Galton died in 1911 — he’s buried in the village of Claverdon in Warwickshire. After his death, interest in eugenics became widespread and it was soon embraced by countries around the world, with sinister results. In many countries, states seized upon the opportunity to control people and reproductive rights as a way of purging those deemed undesirable, enthusiastically legislating for the enforced sterilisation of tens of thousands of citizens. According to Dr Adam Rutherford at UCL, more than 30 countries had eugenics policies for most of the 20th century. In 1912, Britain narrowly avoided passing a bill to sterilise the “feeble minded”. The ultimate enactment of eugenics ideology, of course, occurred in Germany under the Third Reich.

After the horrors of the Holocaust were revealed, eugenics fell from favour almost overnight. Eugenicists of this era had claimed science, especially genetics, as “its backbone,” says Rutherford in a video for UCL. But their “grasp of the complexities of genetics was slight and superficial and in many cases just plain wrong.”

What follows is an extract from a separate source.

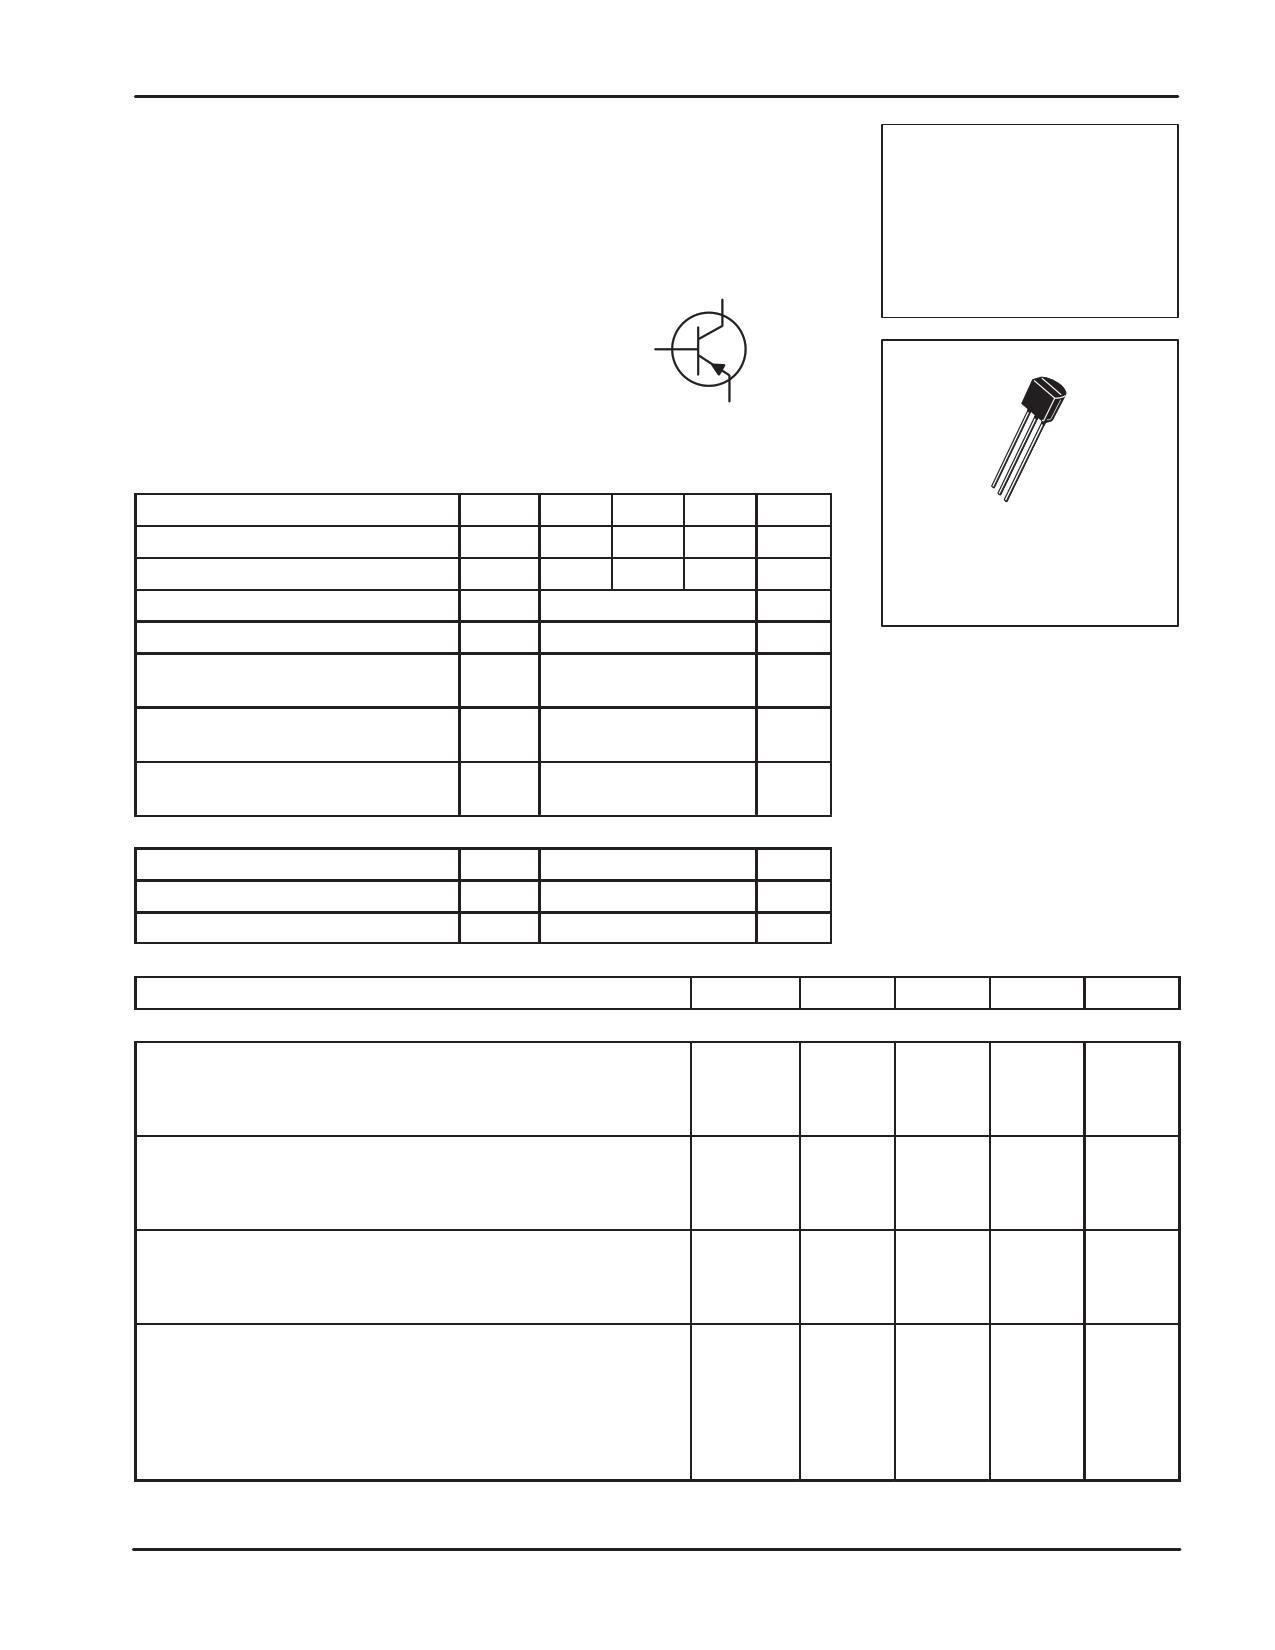 BC558 데이터시트 및 BC558 PDF

Many of the more progressive changes that came from early 20th century reform remain in Britain: access to birth control and public health services to name a couple. But while its tempting to think that the sinister lure of eugenics has been banished, the paranoia associated with it lingers on in conspiracies like the Great Replacement Theory.

Galton wasn’t solely responsible for the horrors that came about in the wake of his death. But the rich boy from Birmingham had unleashed something on the world that could not be put back in its box — and still haunts us to this day.